Товарищи мои были большею частью молодые люди хороших фамилий, исключая Дотта, который был сыном отставного офицера, и Грина, отец которого был сапожником в Лондоне. Я не стану терять напрасно времени на их описание; они явятся в своем месте. Теперь же буду продолжать мой рассказ.

Обыкновенно позволяют мичманам забирать вина и провизии более, чем им следует, с тем, чтобы потом они платили комиссару за излишек; но мистер Кольпеппер, будучи самым неприятным и несносным стариком, не хотел нам этого позволить. У нас никогда не было вдоволь ни вина, ни провизии для обеда, и часто мы терпели недостаток в свечах.

Мы жаловались старшему лейтенанту, но он не расположен был помочь нам. Он сказал, что нам идет порция, более которой мы не можем требовать; что много вина пить вредно, а что свечи только заставляют сидеть нас долее вечером, вместо того, чтобы спать. Тогда возгорелась страшная война между мичманами и мистером Кольпеппером.

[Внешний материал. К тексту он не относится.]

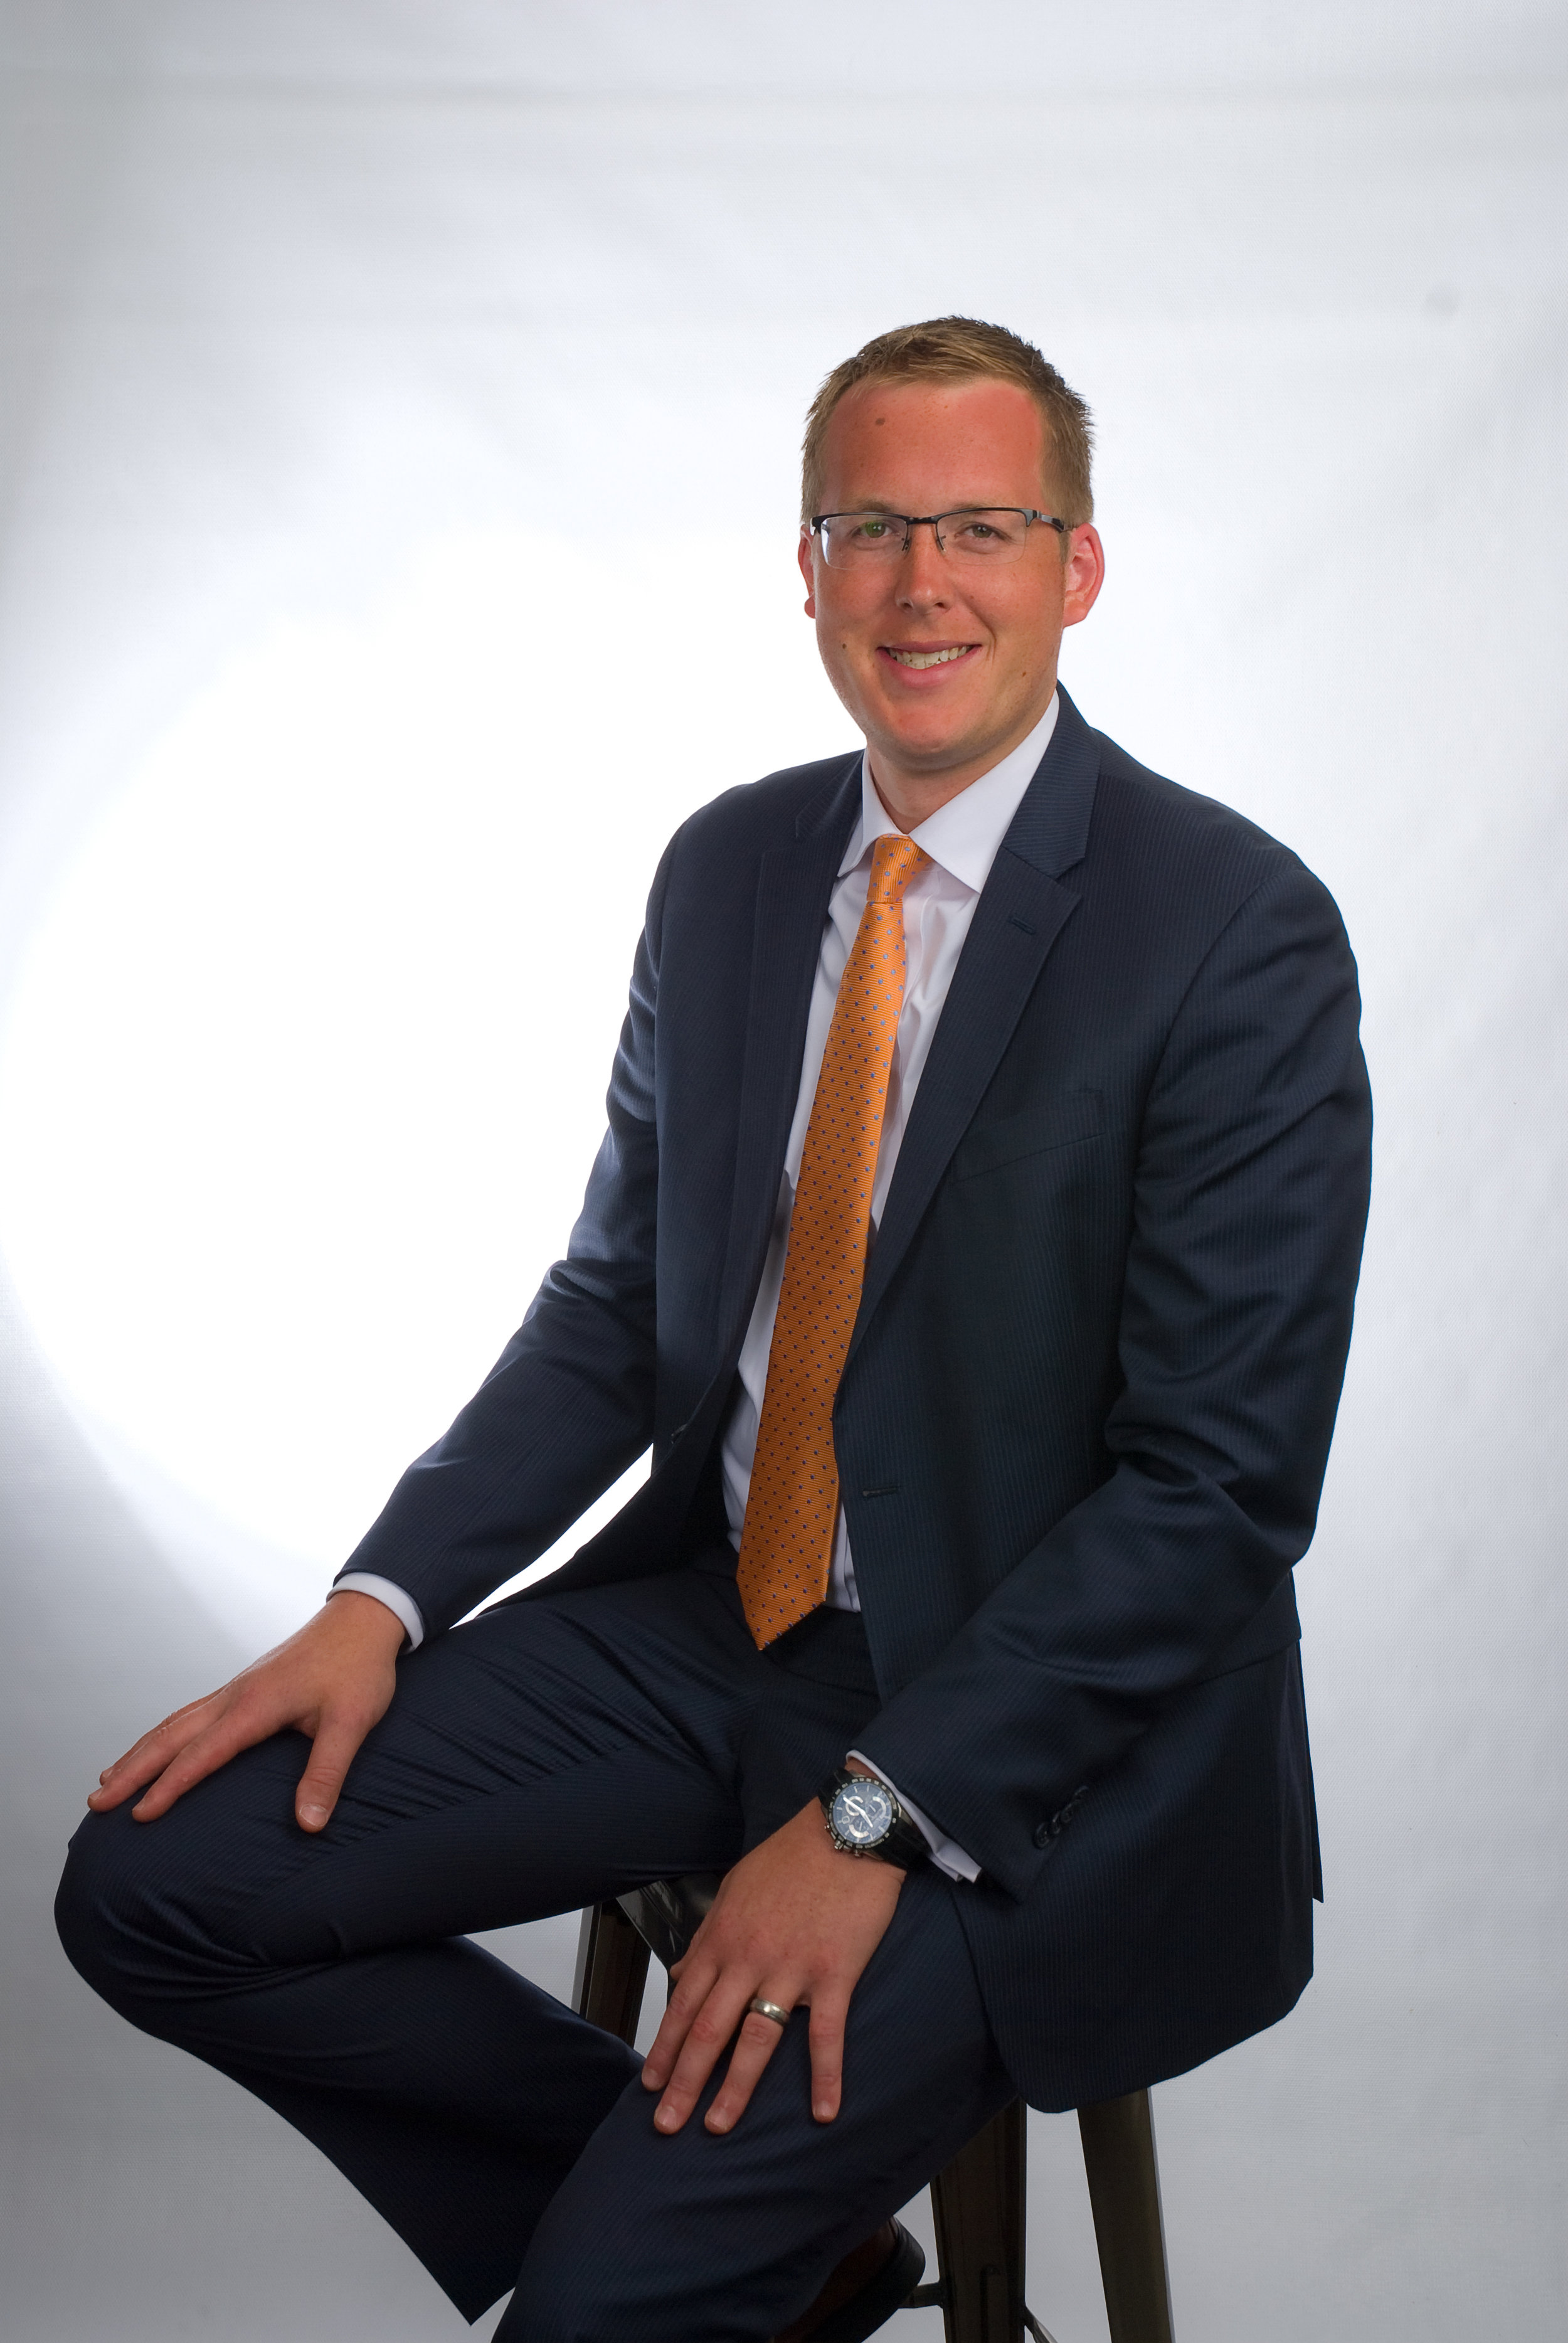 Sam Muse, CPA, CFP®   Partner

Но ничто не помогало; он редко доверял кому-либо, всегда сам был при раздаче провизии и вина; неудивительно, что он слыл богатым. Единственные люди, с которыми он был вежлив, были старший лейтенант и капитан.

Перед капитаном он весь превращался в покорность; все счеты он представлял ему с низкими поклонами и этим много выигрывал, набивая помаленьку свой карман.

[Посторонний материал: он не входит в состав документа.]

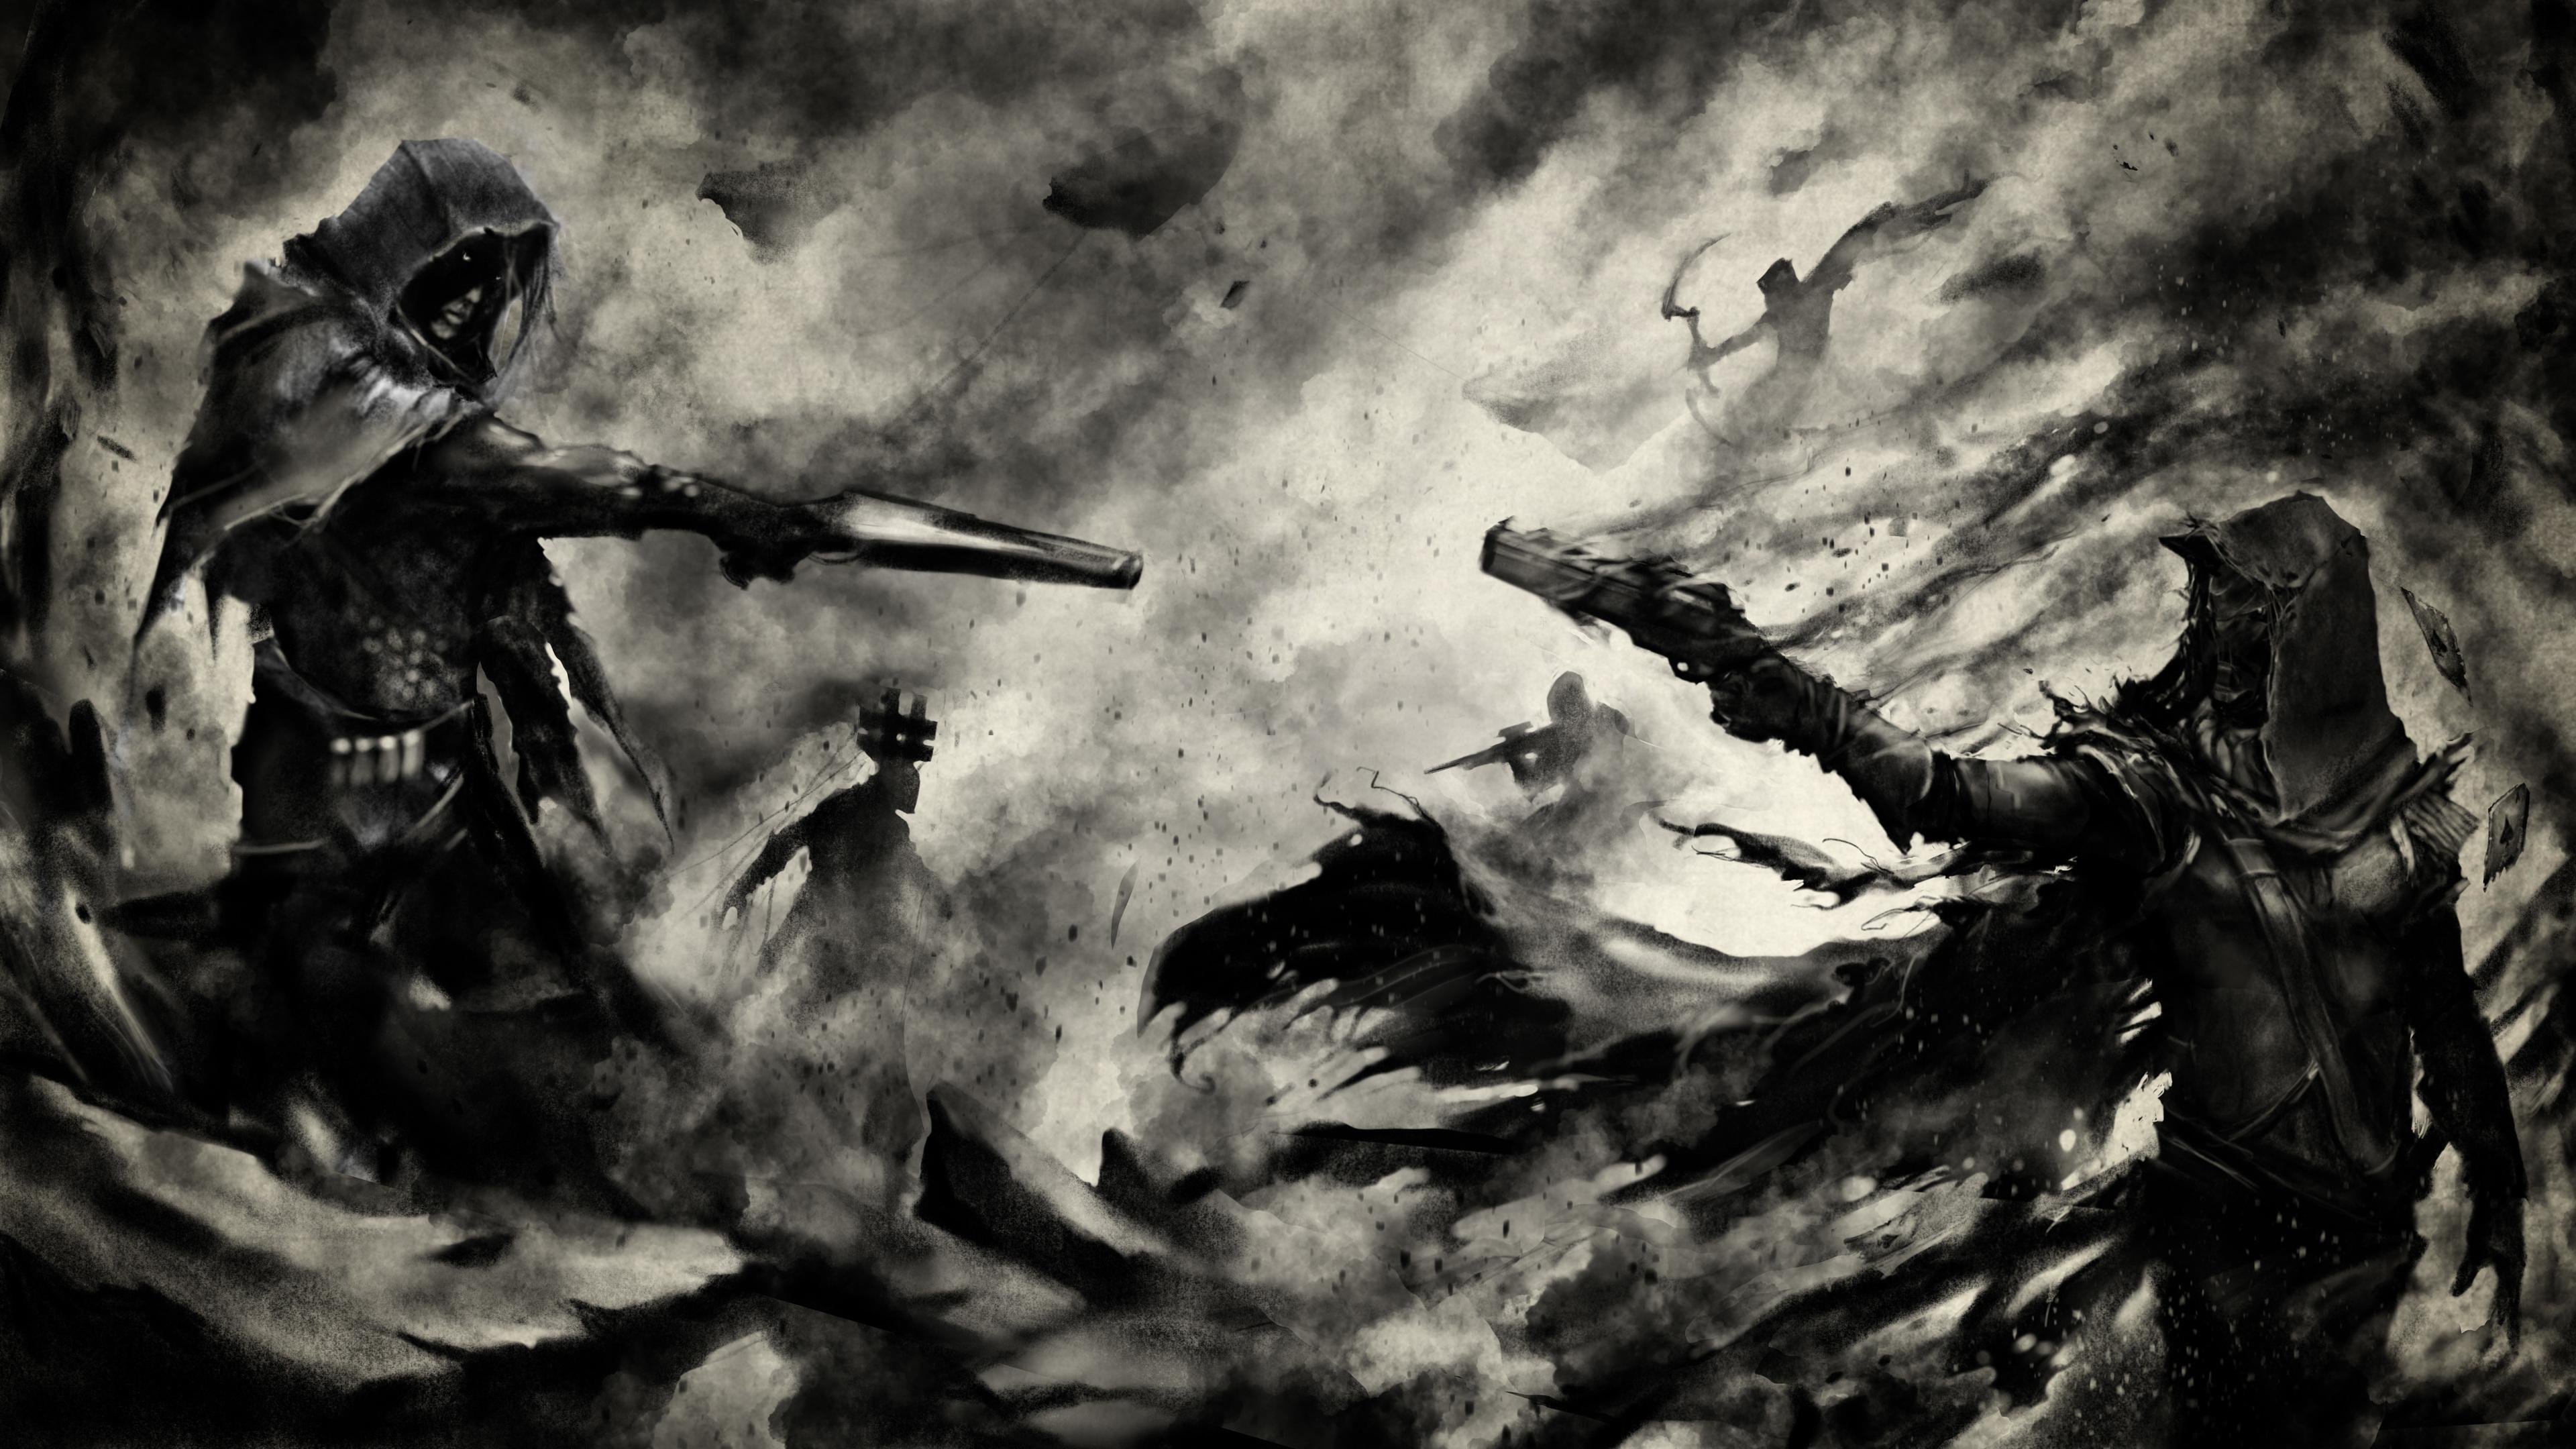 Destiny 2 forsaken ps4 official concept art hd wallpapers - 4k destiny 2 wallpaper ...

Мы уже с неделю находились в море и шли к острову Мадере, к которому надеялись подойти на следующее утро. Назначение наше еще оставалось тайною; капитан имел депеши, которые должен был распечатать, пройдя остров.

Погода была теплая и ясная, и ветер стихал, когда при закате солнца с салинга закричали, что видят землю в сорока милях перед носом. Я по-прежнему был сигнальным мичманом и в это время стоял на вахте, которая должна была кончиться в полночь.

Мне пришло в голову, как бы сыграть какую-нибудь штуку с мистером Кольпеппером; мичманы часто предлагали выдумать что-нибудь подобное, но в настоящем случае я не хотел иметь товарища. Томушка Дотт часто изобретал что-нибудь, но я всегда отказывался, считая секрет тогда только секретом, когда он известен не более, как одному лицу. Я даже не хотел советоваться с Бобом Кроссом, зная, что он станет меня отговаривать.

Я уже прежде заметил, что мистер Кольпеппер носит белокурый парик, и зная его скупость, уверен был, что у него один только и есть на фрегате. И так, избрав парик предметом моего мщения, я решился исполнить свой план в ту же ночь, как мы подходили к острову Мадере.

В полночь дудка боцмана вызвала новую вахту наверх. Лейтенант еще одевался, и в каюте у него горела свеча. Я тихонько спустился вниз и незаметно проскользнул в кают-компанию.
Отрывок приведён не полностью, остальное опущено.